Ever on the forefront of tech breakthroughs, Villanueva has launched what could be described as her best innovation to date.

Last January 11, she announced her personal advocacy called “Wireless Wings”, a P111-million angel fund which aims to support deserving information technology ideas from colleges and universities nationwide.

“I am trying to ignite a culture that I think is very ‘thin’ right now. I want to encourage people to innovate. I want them not to be just builders. I want them to build their own companies, craft their own models and be successful.”

Aside from funding ideas, Villanueva says her team will also provide beneficiaries with mentoring sessions from seasoned IT executives, as well as link them up with multinational companies and major players in the IT industry.
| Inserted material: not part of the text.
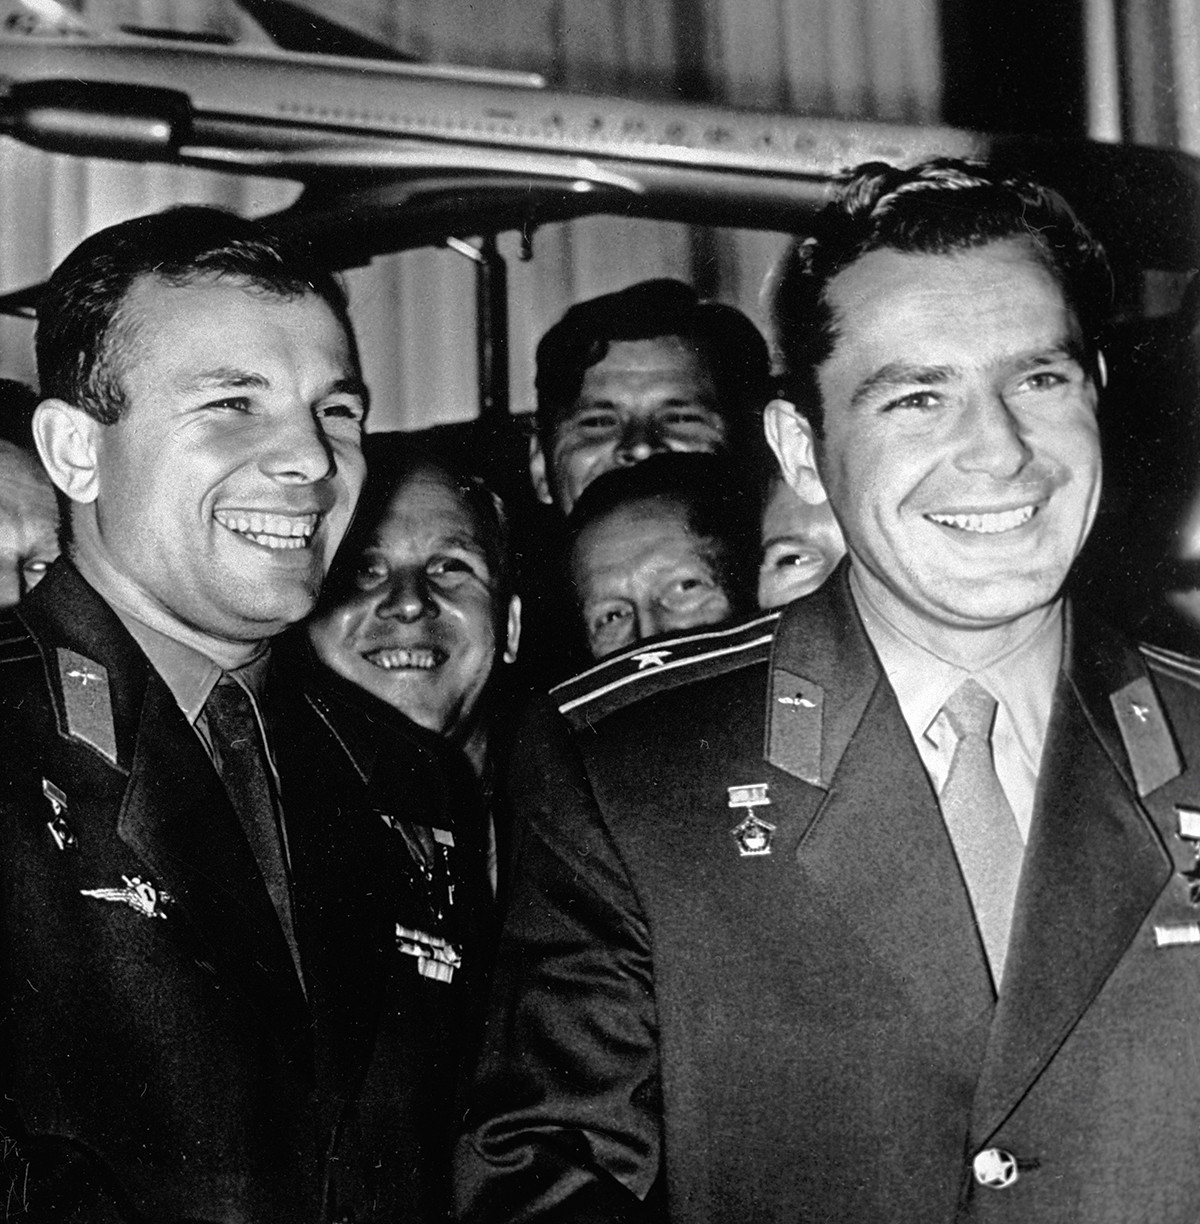 The two heroes, Yuri Gagarin and Gherman Titov, in 1961.

This way, “we will be able to expose them to the corporate setting, and to the type of thinking that businessmen have, because it has always been my dream to find emerging innovations that we can send outside the country.”

She adds: “We want them to think forward and realize that their ideas and products could also be used in Asia, in Indonesia and China.”

Villanueva also invites “other companies who have the same advocacy” to contribute to the angel fund to be able to boost the chances of these new techpreneurs in the international market.

It’s easy to understand why she has chosen this particular advocacy, having once grappled with the challenges of breaking into new markets dominated by the big boys of technology.

Flushed with idealism and inspired by the tech boom in Silicon Valley where she had studied and was living (and no less inspired by Apple’s Steve Jobs’s success), Villanueva, then just 21, came home to the Philippines in 1988, set up MDI Group Holdings, and introduced the idea of networking computers via Internet protocol.

Back then, most government agencies and the top Philippine firms shared and stored data using those clunky mainframe computers.

“It is so old tech today, but I cannot understate the challenges that came along, starting a new company to sell this concept, and competing against the IBMs and Digital Equipments of the world, in a male-dominated industry which was then very conservative and comfortable with the status quo,” Villanueva now recalls. But she pressed on, knowing that computer networking would soon be the norm.

Her very first deal was with the Social Security System which saw the value in decentralizing its members’ contributions system. This was soon followed by projects with Meralco, ABS-CBN Corp., PLDT and other private firms.

More pioneering efforts in the local tech sector followed.

With her husband Jun, she introduced consumer electronics equipment, gadgets and design software to a mass market via Microwarehouse (1995); created Wolfpac (2000), a mobile applications and content provider which was subsequently sold to Smart Communications; then set up Meridian Telekoms (2003), the first wireless broadband firm in the country (later sold for $50 million to Smart and now rebranded as SmartBro). All these breakthroughs earned her the first Woman Entrepreneur of the Year Award (2003) under Ernst and Young’s Entrepreneur of the Year program.

At the GSM Association, where she is a member of the executive management committee, Villanueva had pushed for the globalization of Mobile Money Transfers. It now benefits millions of migrant workers, especially Filipinos, who easily send money home to their families just using their cell phones.

Looking back on her very first networking project, and her subsequent achievements, Villanueva says the key to her success is that she has “never been afraid of hiring people who are much better than me.” Also, she is able to spot the major trends in her field because she has a voracious reading appetite and a constant curiosity about everything around her.

When she isn’t thinking up more ways to break ground in yet another tech field or indulge in her advocacies, Villanueva, now 45, loves chilling with her husband and their two kids: Blanca, 17, and Luis, 10. Usually they are out sailing and discovering the Philippines via their catamaran, the TutuTango. “We also love to travel the world anytime we can. I guess we are a family of gypsies.”

(My column, Something Like Life, is published every Friday at the Life section of the BusinessMirror. This piece was published on Jan. 27, 2012. Photo courtesy Myla Villanueva.)